В ресторане за столом, где только что было принято важное для Обода решение (мы в этом скоро убедимся), не присутствовал только один сотрудник городской газеты – "ответственный по объявлениям" (так в редакции все называли должность) Иван Никитич Шпынь, у которого, кроме газеты, было еще одно место работы и, кроме редактора Григория Минутко, был еще один начальник – старший лейтенант госбезопасности Михов.

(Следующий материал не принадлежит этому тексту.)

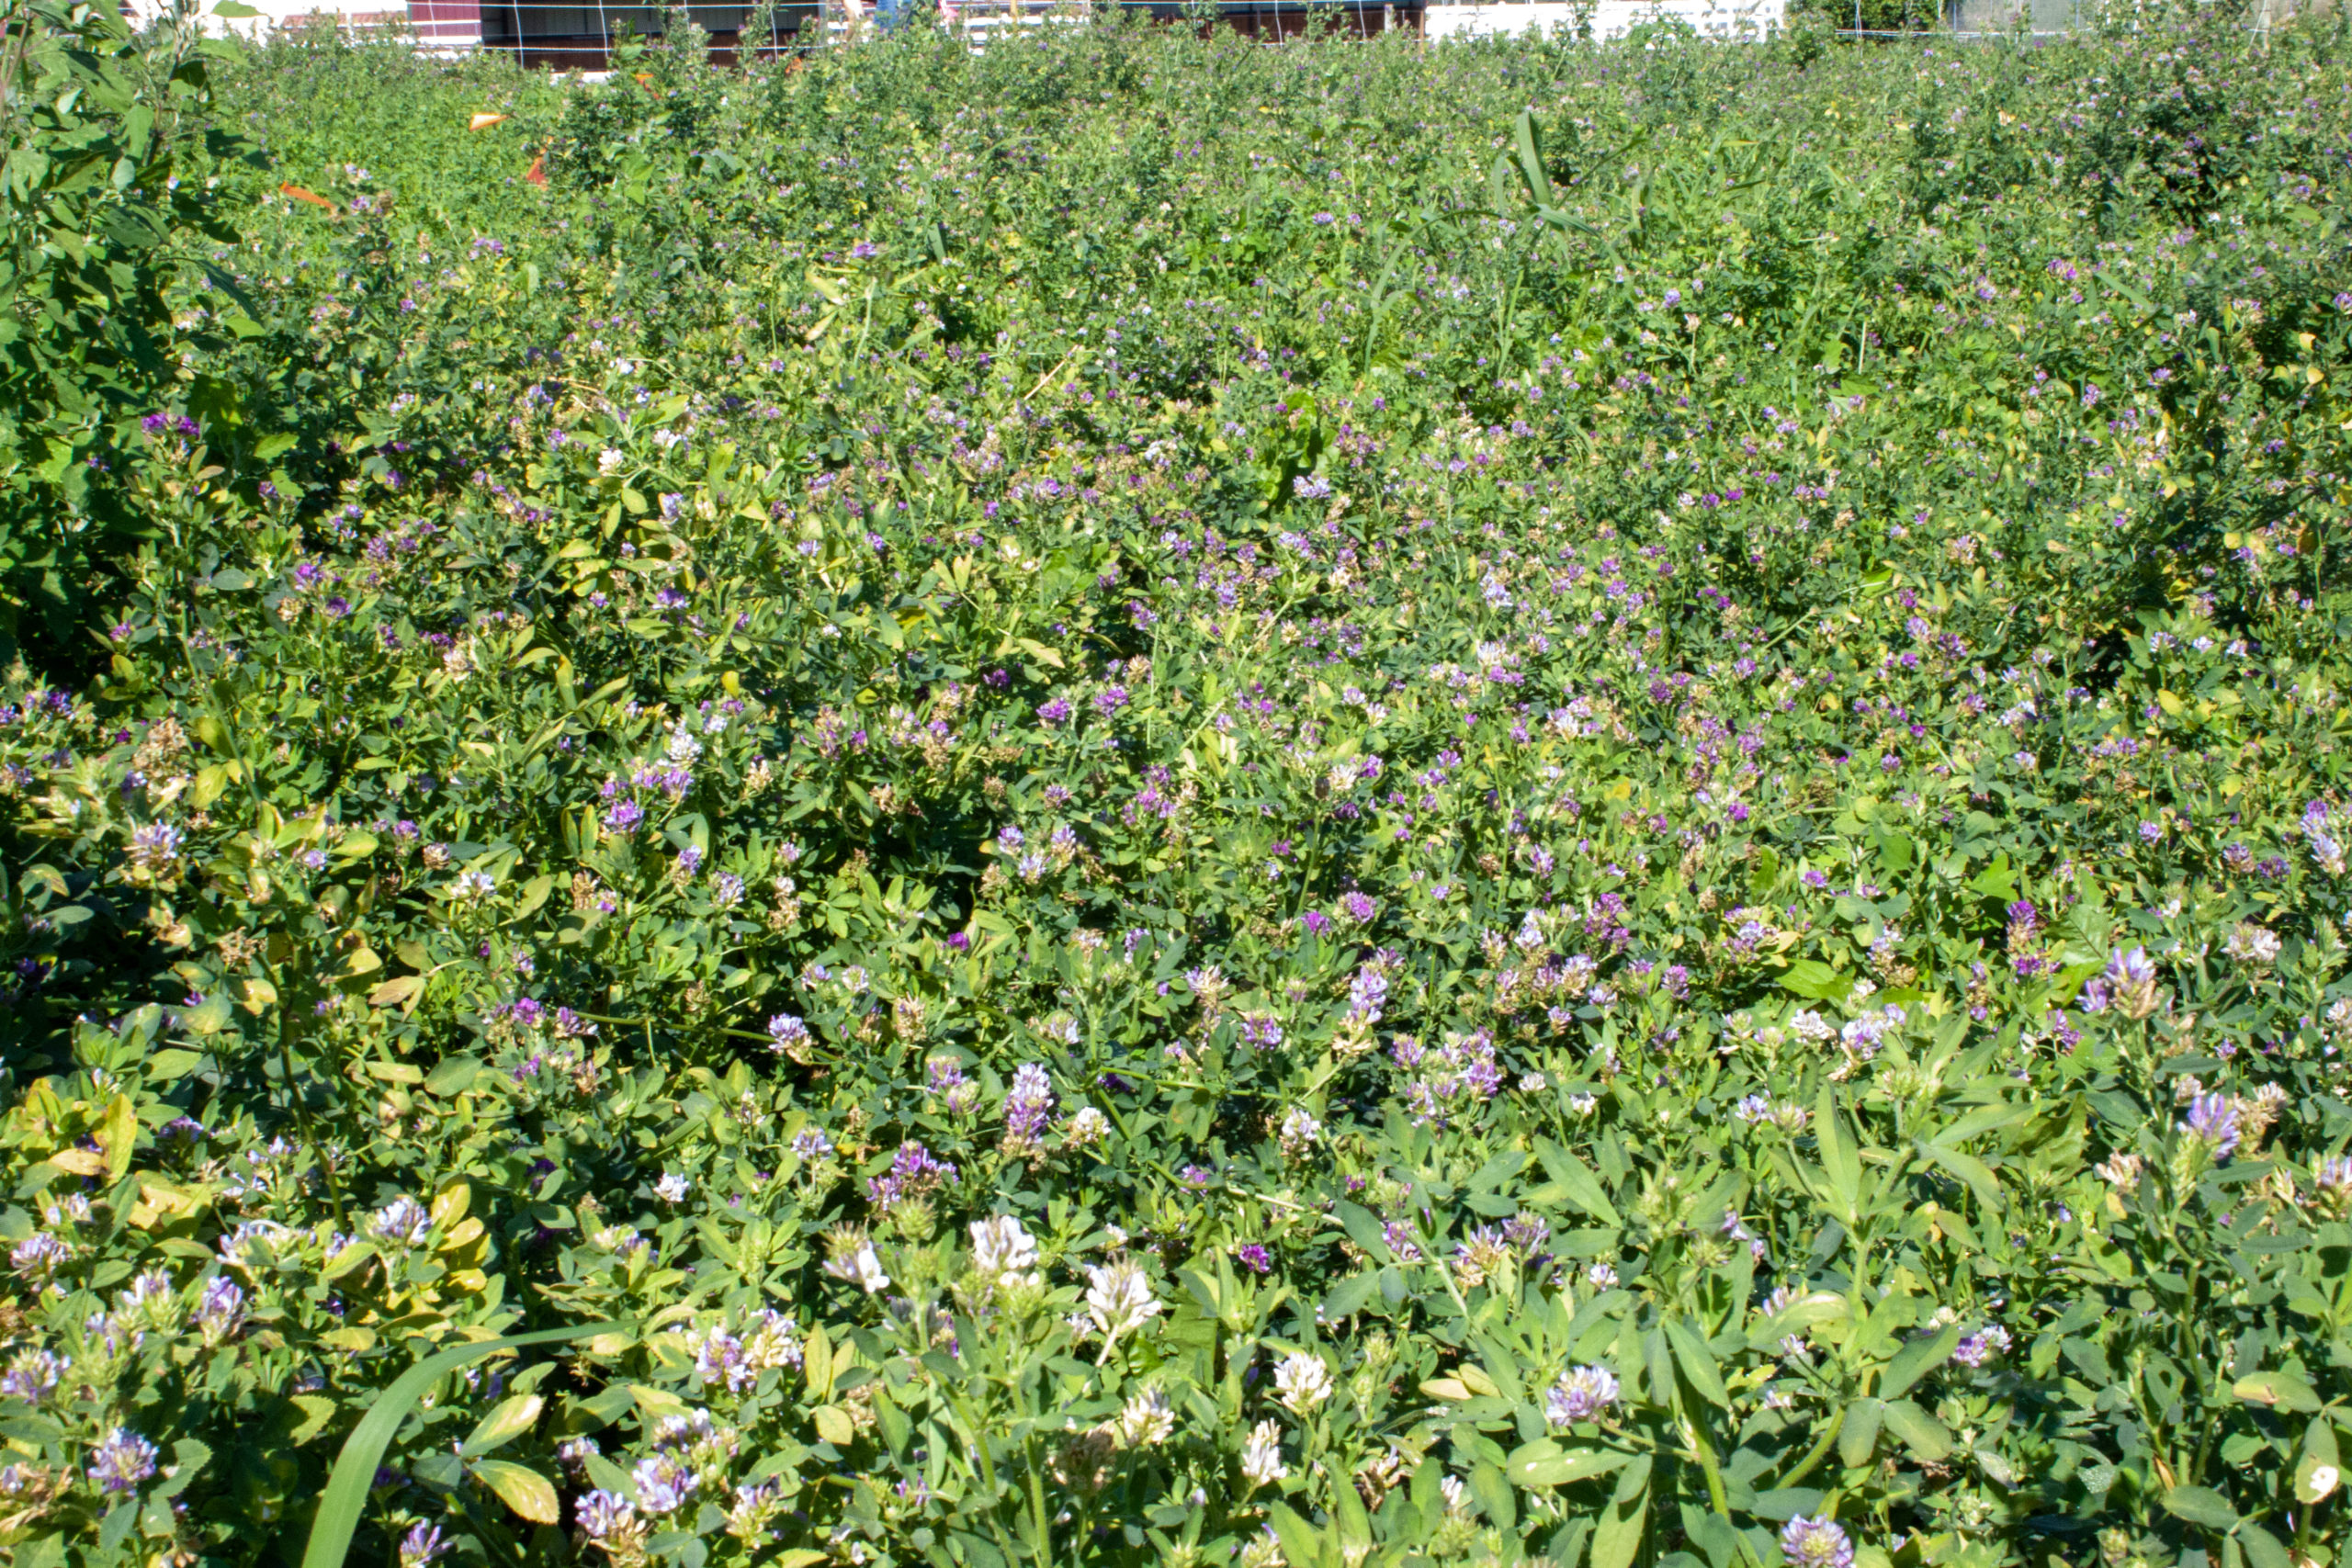 Green and healthy alfalfa plants growing in the field

Обычно Шпынь телевизионные новости смотрел и слушал внимательно, при этом даже кое-что записывал в блокнот. Но информация о неполадке в космосе, породившая в Ободе столько естественных волнений, проскользнула мимо его ушей и сознания незамеченной, как шум за окном, потому что в тот вечер во время передачи голова "ответственного по объявлениям" была занята другим, более важным делом – он складывал в уме очередное секретное донесение.

Когда в редакции состоялся разговор о конце Света и в результате разговора был предпринят поход в ресторан "Шумел камыш", Шпынь с разрешения редактора в этот день на работе отсутствовал – дома в маленькой однокомнатной квартире на улице Космонавтов сочиненное накануне в голове он старательно перекладывал на бумагу.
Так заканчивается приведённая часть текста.